A quick trial of claude's new computer use

Yesterday, Anthropic released a new feature for their Claude AI chatbot: the ability to use a computer. This is a big step for AI assistants, and I thought I'd quickly try it out and see what it's like.

All of the computer use is via tools: you prompt Claude and it calls agentic computer-specific tools: moving the mouse, typing, creating a file, taking a screenshot, and running bash commands. However, this is just the API surface. Their client reference implementation isolates the system in a docker container, but because it's all API calls, you could just as easily run it on your own machine. Someone, of course, already has with agent.exe.

For now, we'll just use the docker version to get a feel for things.

Browsing

The example that it gave was asking it to book flight tickets. It opened up firefox (the only browser provided in the docker container) and went to google flights and had an OK time selecting flights. However, this was a bit slow. I wonder if it'd be faster on more complicated browsing tasks if we did beam search: looking at a few options and then selecting the best one over and over again. While I may be able to serially select flights faster than it, I'm not sure I could do better than it on something that required looking at multiple sites with different filters, such as finding flights and activities and everything else needed for a trip and jointly optimizing, whereas Claude could perform hundreds of queries in parallel and have sync operations.

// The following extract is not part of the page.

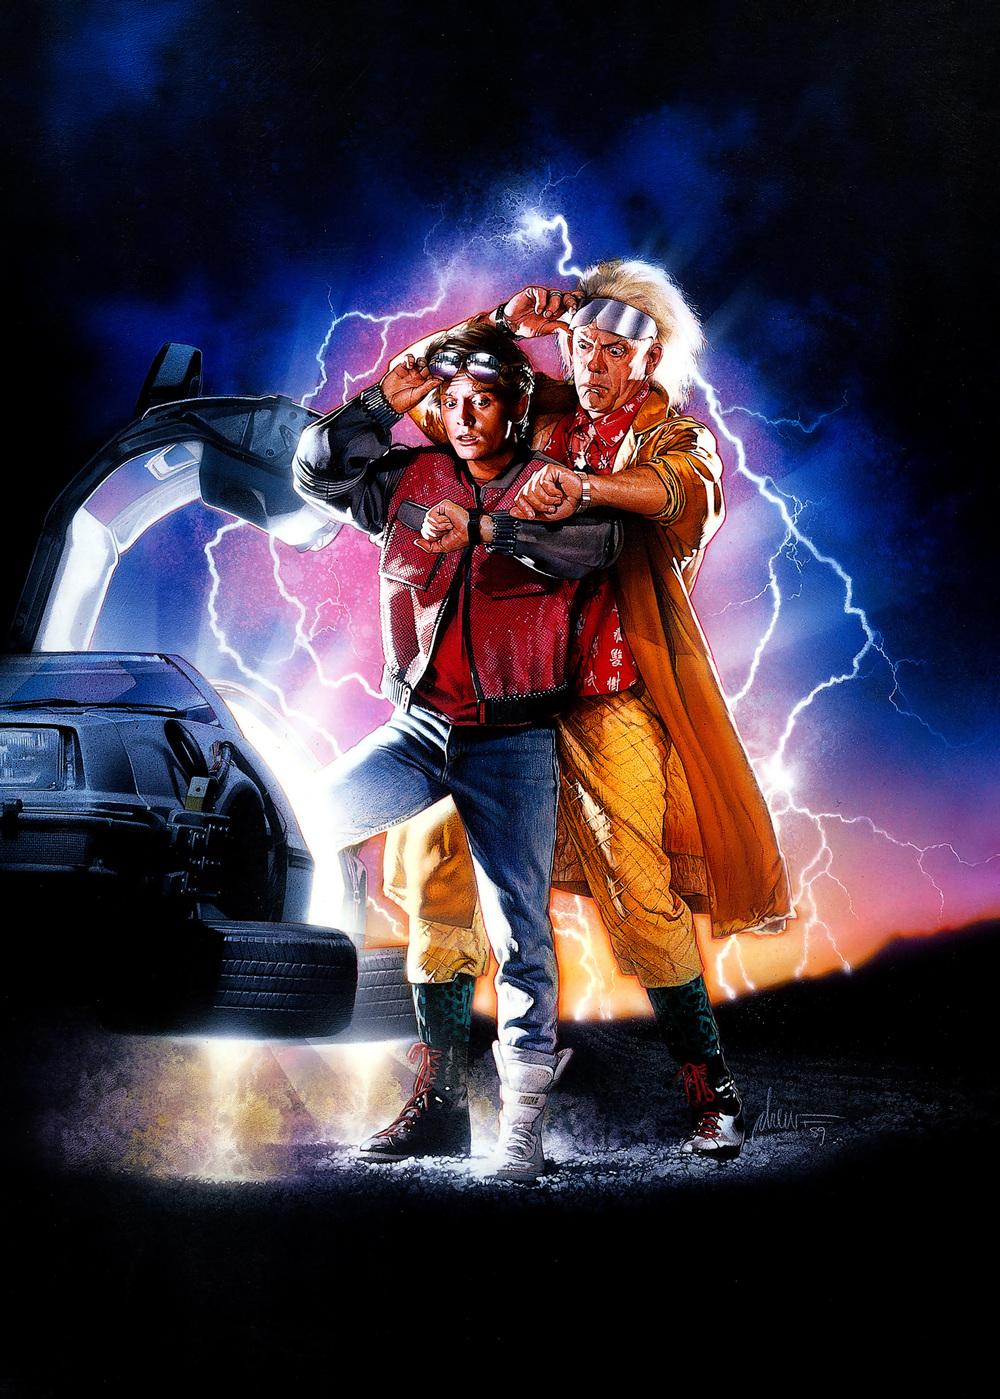 Volver al futuro Parte II (1989) - Robert Zemeckis

This is, of course, a programming blog, so the last thing I did today with it was ask it some questions.

Can you solve my earlier blog post?

YES! It solved that whole blog post with only a hint as to where the xcode project directory was mounted in the docker container and instrucitons to use ripgrep instead of grep. It has a bit of a problem submitting commands without a sensible timeout or checking for senses of scale, but if you ensure that it either checks or the datasets and tools you're working with will respond properly, it can blitz out commands and iterate quickly enough to turn my half day of work into a few minutes of mind-bending binary mining.